Чарли надкусывает шоколадный батончик с кокосовой начинкой и неторопливо жует, пока Уэйн подпирает стену, скрестив руки на груди.
— И что там по поводу интересного? — спрашивает он.
— Доем — покажу, — отвечает Шарлотта.
Уэйн ждет. Чарли выбрасывает обертку из-под конфеты на тротуар.
— Ладно, погнали за магазин, — приказывает Шарлотта. — Это надо смотреть там, где никто не видит.
— Ты собираешься показать сиськи? — язвит Уэйн.
— Их — чуть позже.
Они заходят за угол, скрываются у служебного выхода, возле мусорных контейнеров, где светит безжизненным светом дешевая лампочка накаливания.
— Сейчас будет трюк, — говорит Чарли. — Посмотри на мою руку.
Она показывает тонкие пальцы с облупившимся черным лаком на ногтях.
— Какой тебе нравится больше всего?
— Средний. Хотя нет, мизинец.
Чарли вытаскивает из рукава платья гильотину для сигар.
— Украла, пока ты шоколадку покупал, — объясняет Шарлотта и сует в гильотину мизинец. — Смотри.
Щелчок — и на бетон падает отрубленный палец. Чарли даже не ведет бровью.
— Пиздец! — вскрикивает Уэйн и хватается за голову. — Что ты сделала, дурная?!
— Смотри, — цедит сквозь зубы Чарли.
Из места сечения бьют пару струек крови, но быстро кончаются. Спустя секунд десять мизинец начинает отрастать, спустя полминуты после травмы возвращается целым и невредимым. Шарлотта демонстративно шевелит пальцем, показывая, что операция никак на нем не сказалась. Только лак пропал с ногтя.

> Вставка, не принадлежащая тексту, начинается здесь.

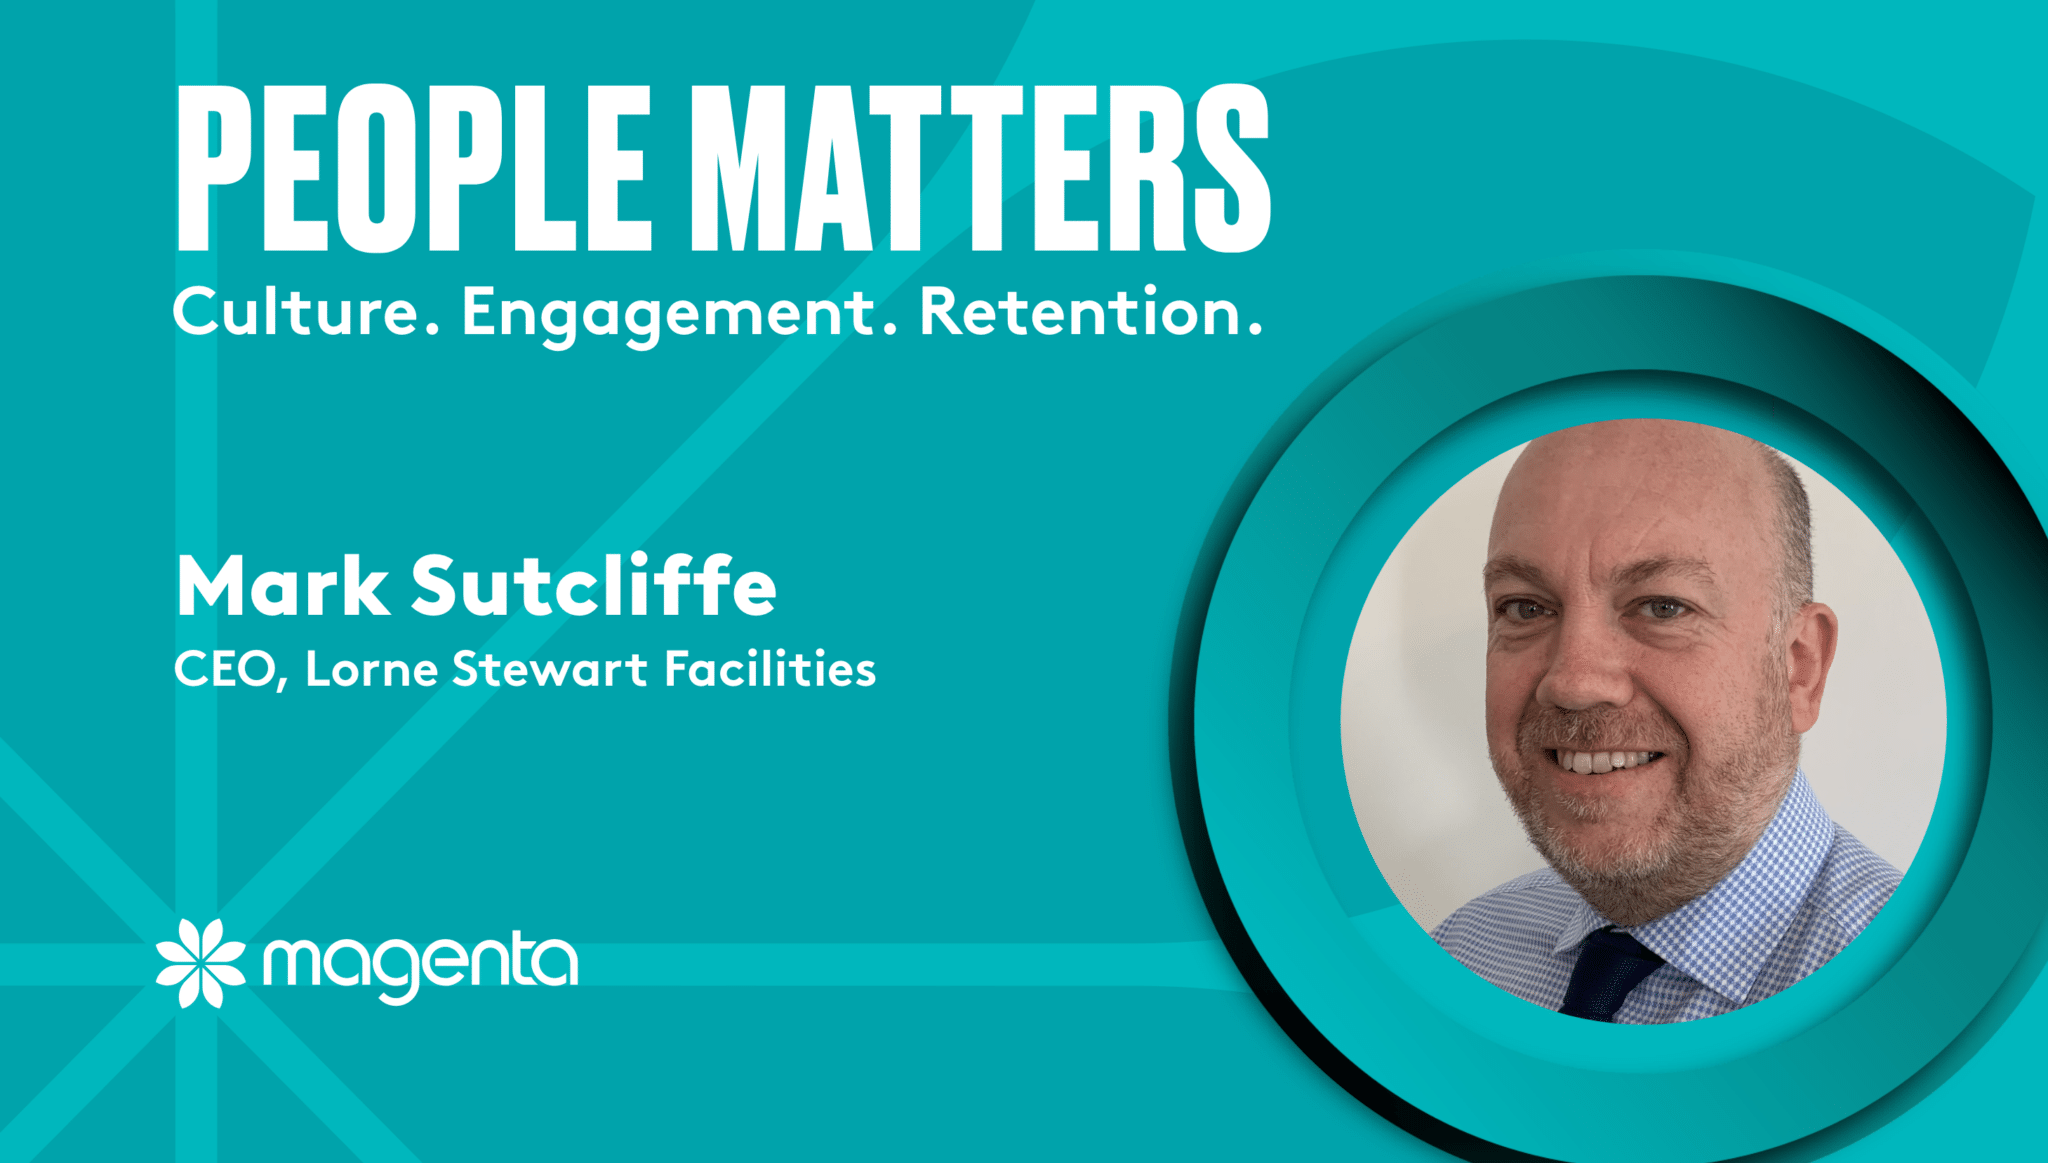 Mark Sutcliffe, CEO of Lorne Stewart, on a green backdrop with the people matters blog logo.

Уэйн, шокированный, смотрит то вниз, на отрубленный мизинец, то вверх, на целый.
— Ты регенерируешь, — говорит Уэйн.
— Да, — соглашается Чарли. — Отец говорит, что бог наделил меня своим даром, но мне кажется, что я мутант какой-то. Либо, если придерживаться религиозной парадигмы, отпрыск дьявола. Демон. Не знаю.
— Жесть. — Уэйн снимает очки, протирает глаза запястьем и надевает очки обратно. — Да, ты демоническая тварь, это факт, в это я верю.
— Так вот, юный Мэнсон. Если хочешь поразвлечься с моими, м-м, талантами, — Шарлотта усмехается, — то мы можем обговорить это. Все имеет свою цену.
— Стоп, так ты еще садомазо-шлюха?
— В каком-то роде да, но без секса.
— Фригидная, что ли? Или целомудренная? — криво скалится Уэйн.
— Не исключено, что фригидная, не знаю, — пожимает плечами Чарли, разглядывая новый мизинец. — Лак пропал. У меня, кстати, был случай, когда я сделала татуировку на бедре, а потом я дала какому-то дебилу отрубить ногу за деньги и потеряла тату. Ценник, конечно, отбил потери, но больше я ничто не набиваю на своем теле.
— Прекрасно, просто прекрасно, это то, что я хотел знать.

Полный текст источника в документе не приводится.